Forthcoming genetic therapies raise serious ethical questions, experts warn
So far, we have focused on gene editing in terms of treating disease and the biological science behind it. I’d like to zoom out and provide some context on the potential ethical and philosophical questions, many of which will be debated at the Third International Summit on Human Genome Editing. One concern is that the extremely high cost of treatments (early estimates suggest they may exceed $1 million per patient!) will create huge disparities in patient care and outcomes. Another is that there will inevitably be a temptation in the future to alter not just genes to prevent disease, but to select for superficial appearance like eye or skin color, or advantageous traits, such as increased muscle mass, height, or even intelligence. This raises the obvious specter of 20th century eugenics, as well as dystopian futures of a two-tier system of not only socioeconomic but also genetic stratifications:
The same technology paves the way for therapies to enhance healthy humans, to make them faster, smarter, stronger, or more resistant to disease, though enhancement is trickier than mending single faulty genes, according to Professor Ewan Birney, joint director of the European Bioinformatics Institute near Cambridge. “It is far, far harder to know the edits which will ‘improve’ rather than ‘fix’,” he said.

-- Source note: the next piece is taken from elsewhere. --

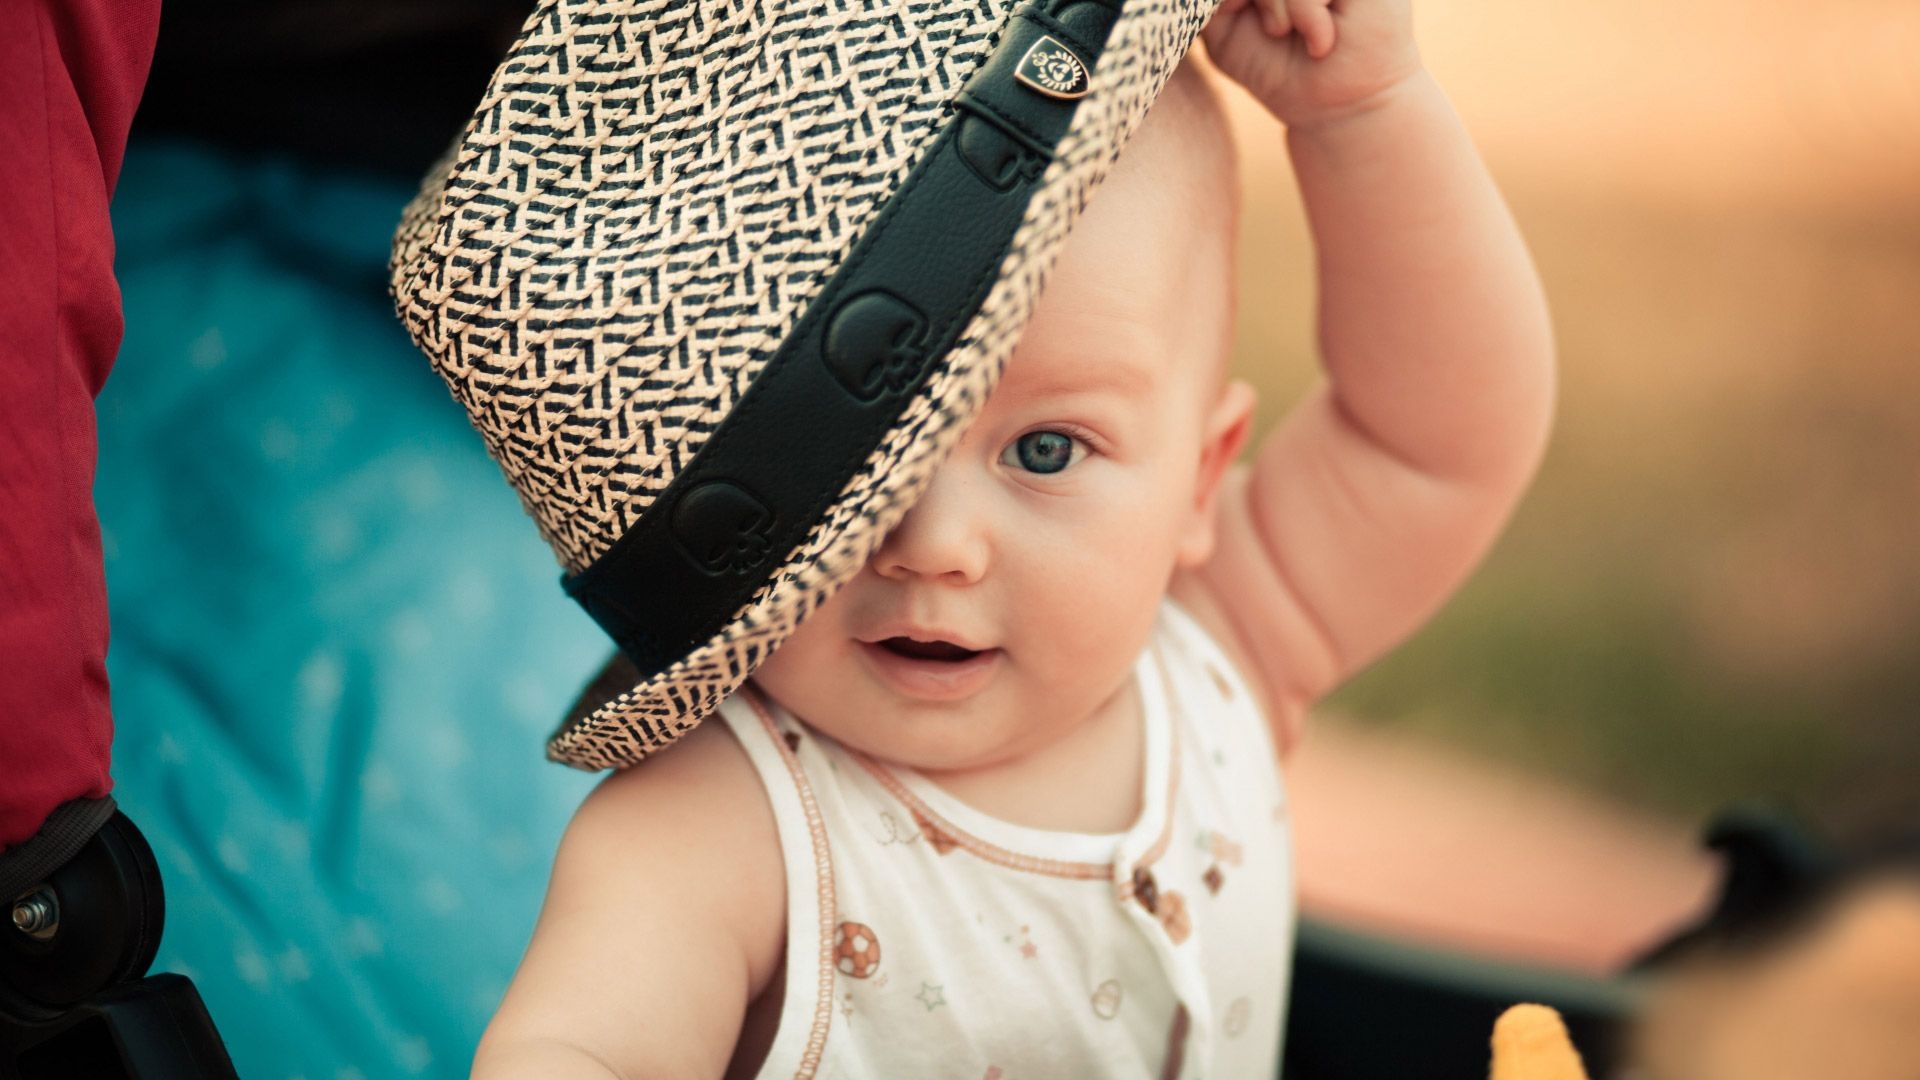 Cute Baby Girl Boy Hd Free Wallpapers: Cute Baby Boy HD Wallpaper Cute And Sweet Babies HD

Regardless, some see it as inevitable. Professor Mayana Zatz at the University of São Paulo, Brazil and founder of the Brazilian Association of Muscular Dystrophy, said she was “absolutely against editing genes for enhancement”, but added: “There will always be people ready to pay for it in private clinics and it will be difficult to stop.” Baylis believes genetic enhancement is “inevitable” because so many of us are “crass capitalists, eager to embrace biocapitalism”.

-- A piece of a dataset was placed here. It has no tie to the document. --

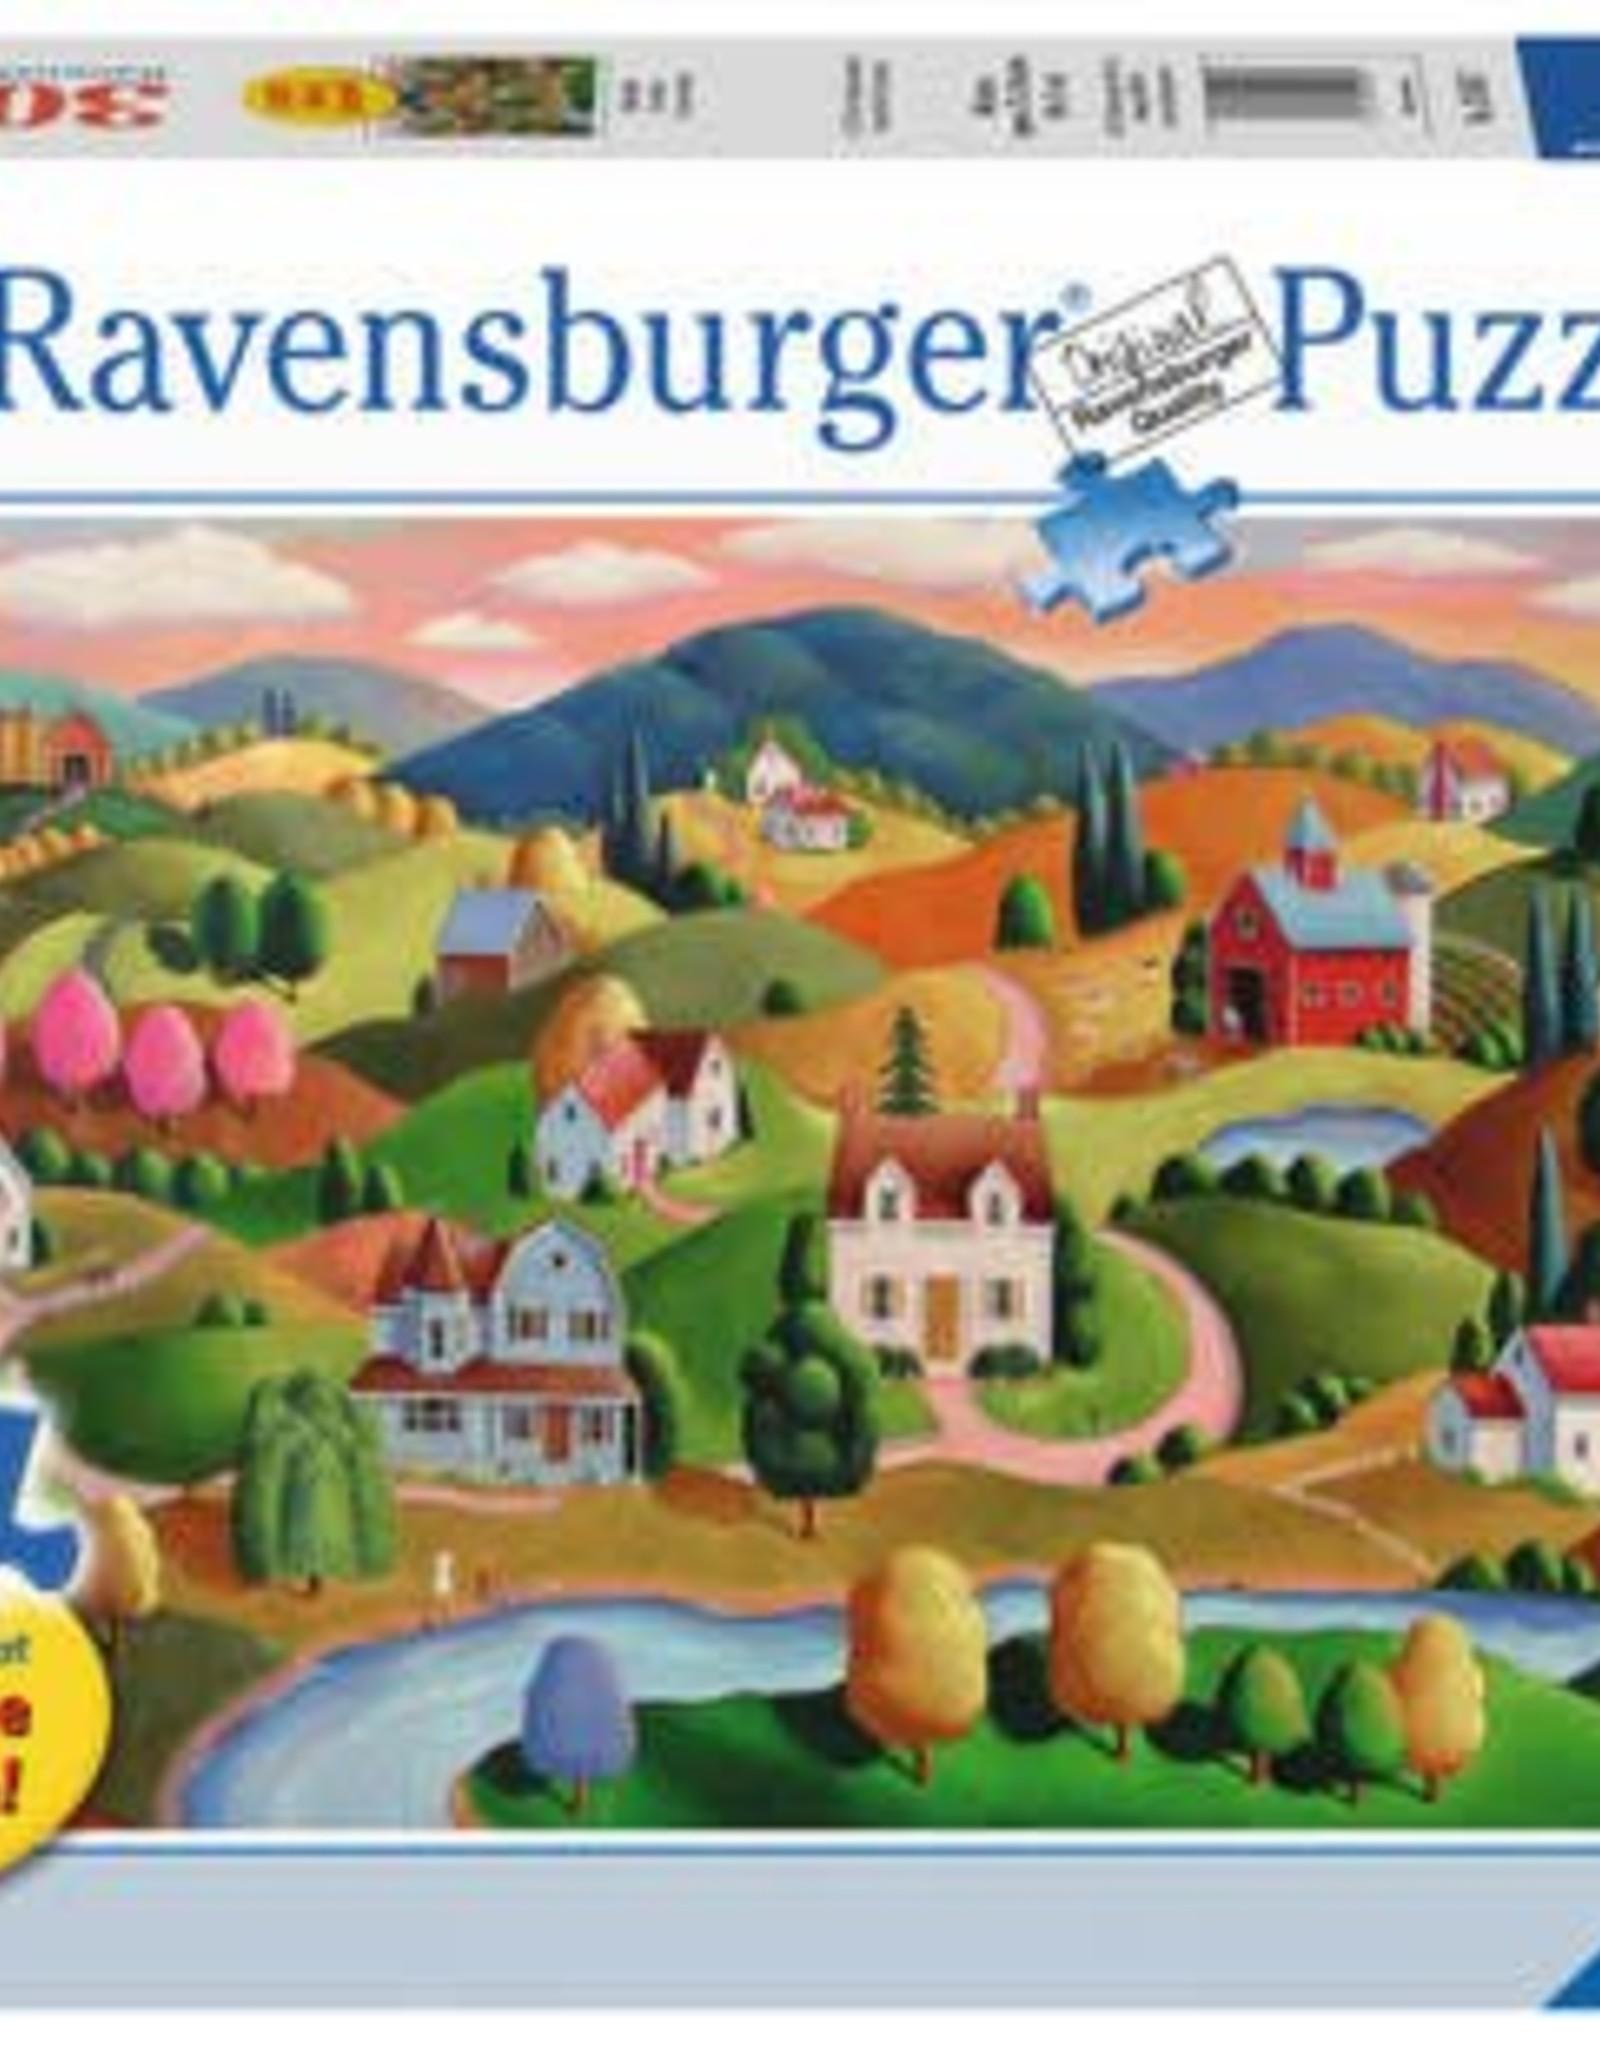 Ravensburger Rolling Hills 300pc Puzzle Large Format

There is also a great episode of the Ezra Klein Show podcast on this topic, and in fact he frames CRISPR as humanity’s “awesome, terrifying takeover of evolution. Definitely worth a listen!
Book Recommendation: “The Gene: An Intimate History”

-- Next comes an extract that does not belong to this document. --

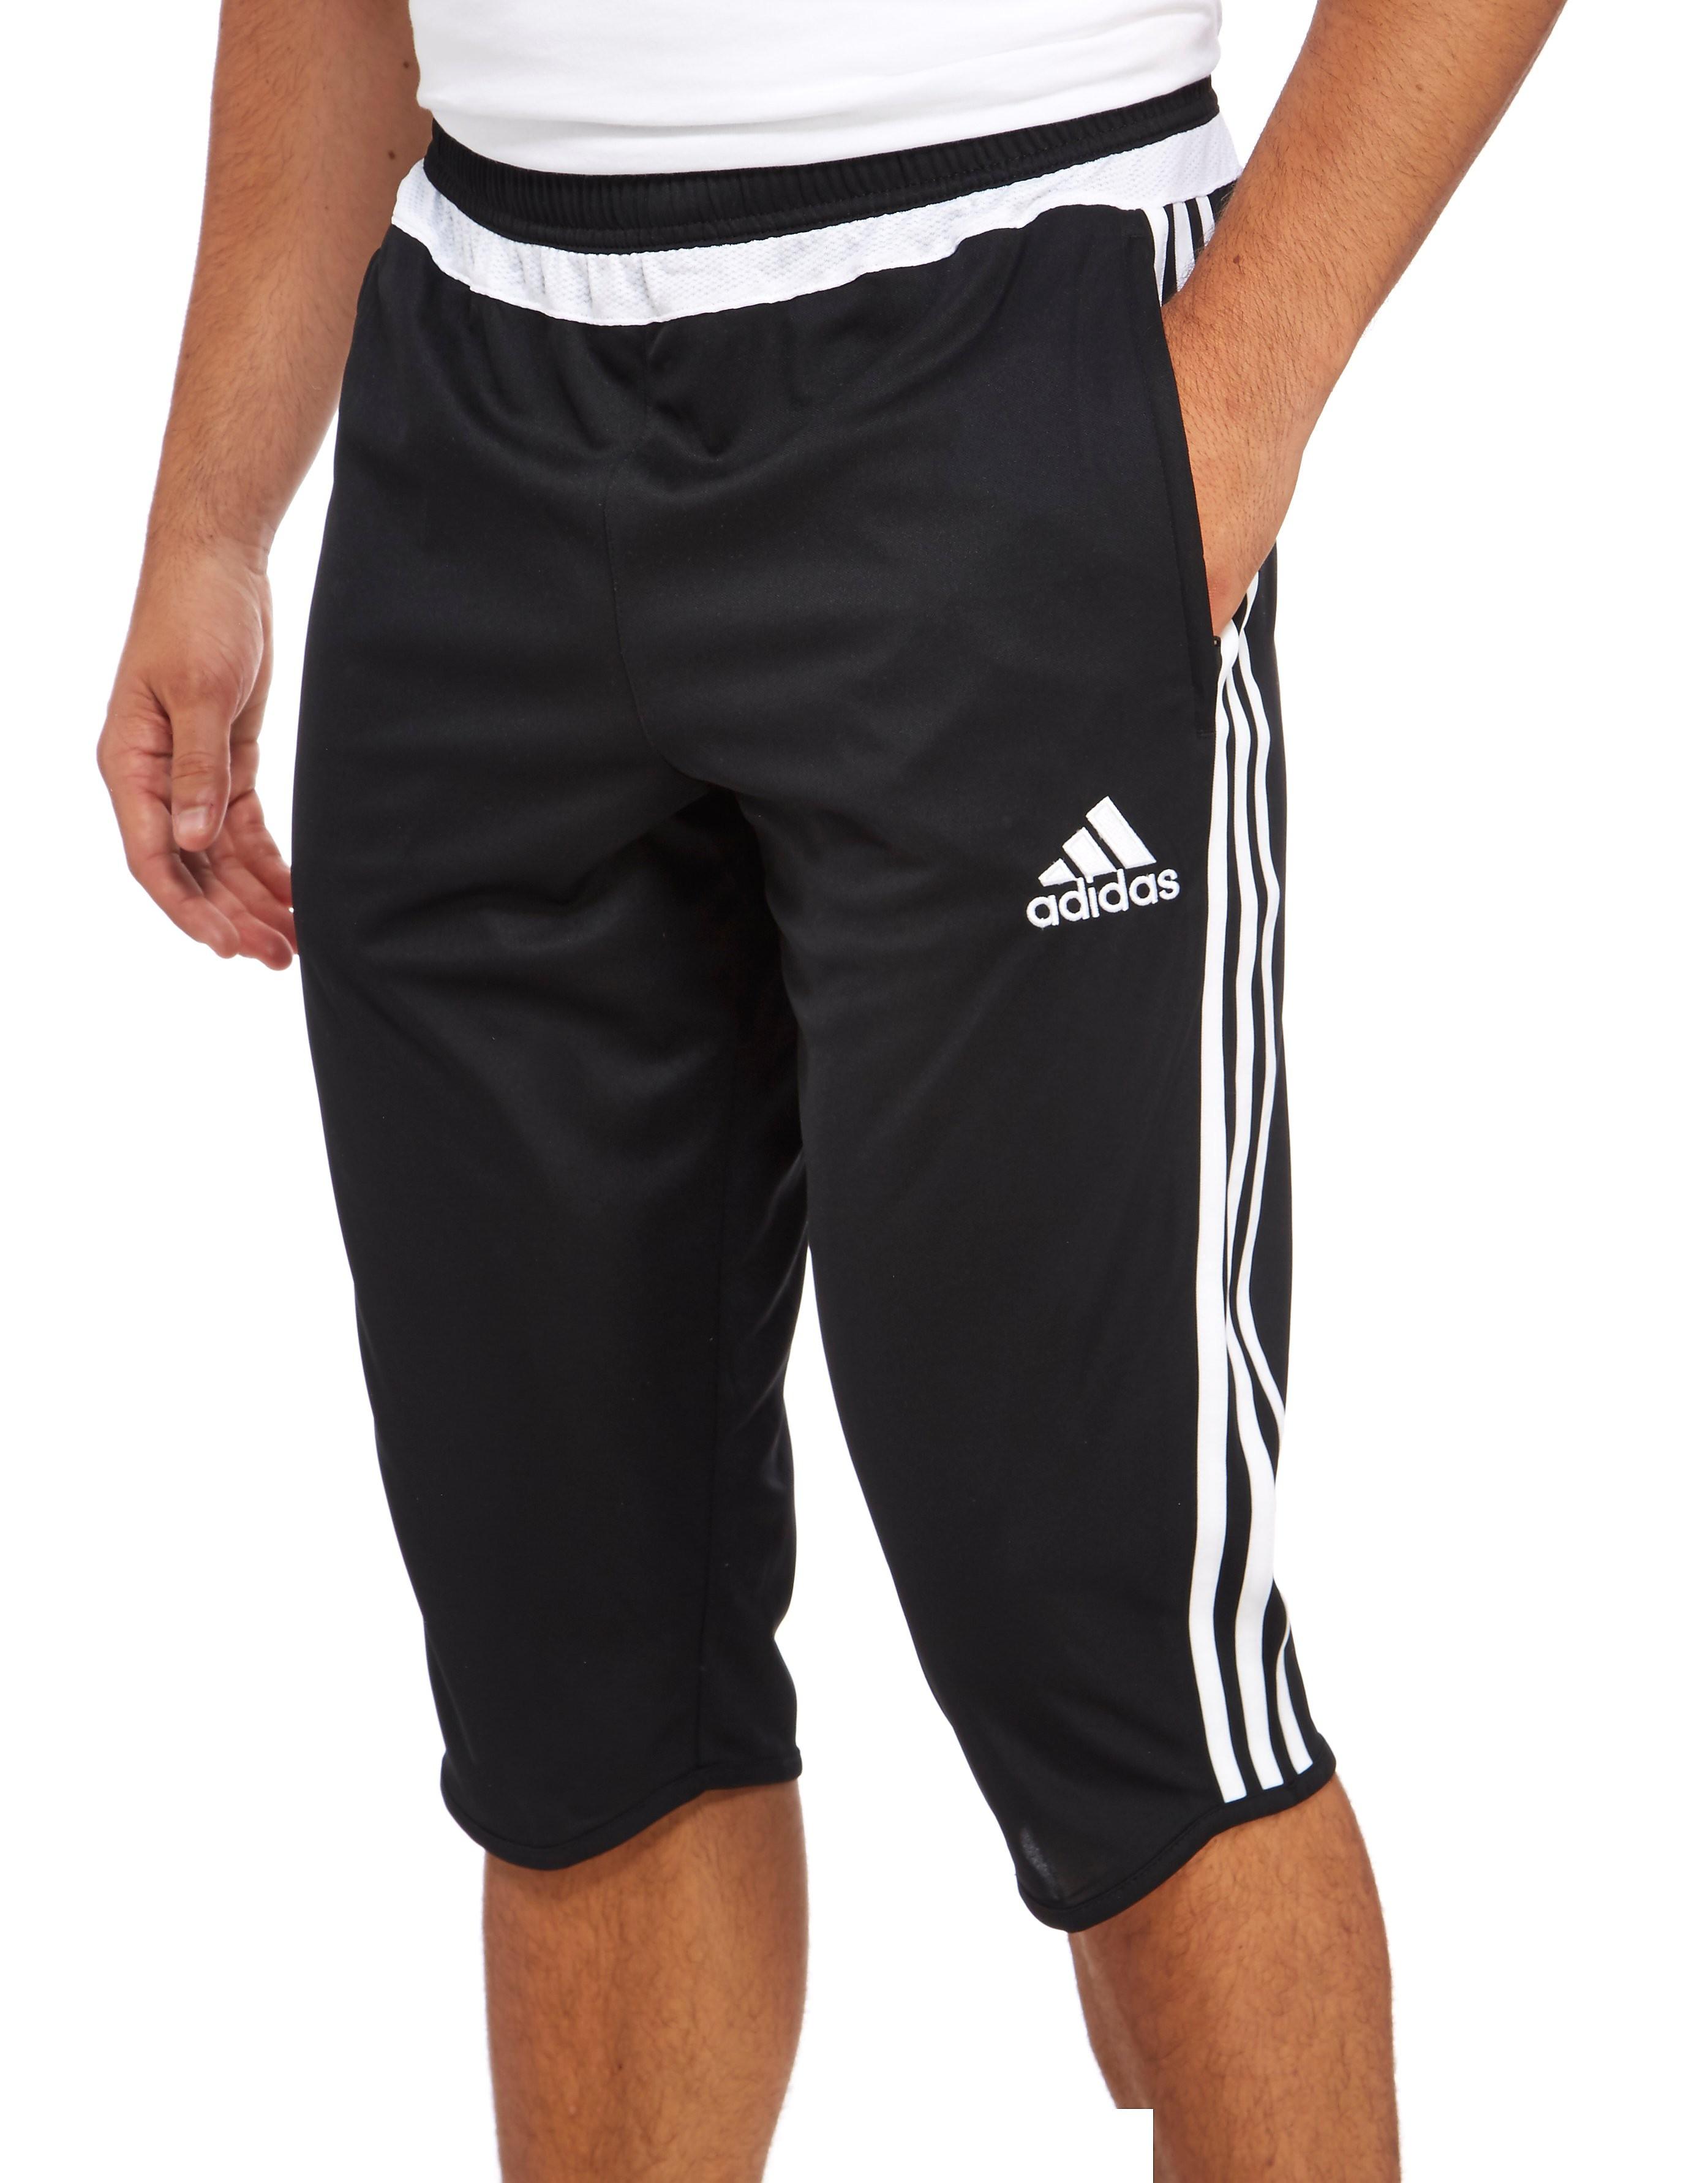 adidas Tiro 15 Poly Three-Quarter Pants

Finally, I want to recommend a book to you: “The Gene” by Dr. Siddhartha Mukherjee. Written by a physician-scientist specializing in oncology, this book is a tour de force that takes readers through the history of genetics from Gregor Mendel experimenting with pea cross breeding in his monastery to the discovery of the double helix by Watson, Crick and Franklin to current techniques like CRISPR and others. Dr. Mukherjee explains the difference between genetic patterns that almost certainly guarantee an outcome (say the mutation for Huntington’s Disease) to those that are multifactorial, and heavily influenced by the environment (say, intelligence, heart disease, diabetes, many forms of mental illness, etc). He does not shy away from the legacy of eugenics in some of these topics, and discusses the tricky ethical dilemmas of whether or not to use some of these technologies, and how. Finally, throughout the book, he stays grounded to the personal: weaving in the stories of multiple family members who developed schizophrenia following the Partition in India and Bangladesh, and meditations on what parts of that were set in genes and what was the result of history and chance.
Bonus: Mukherjee’s newest book “The Song of the Cell: An Exploration of Medicine and the New Human” is also excellent, and serves as a primer for basic cell biology for the curious generalist. He briefly touches on several of the gene therapy trials above within.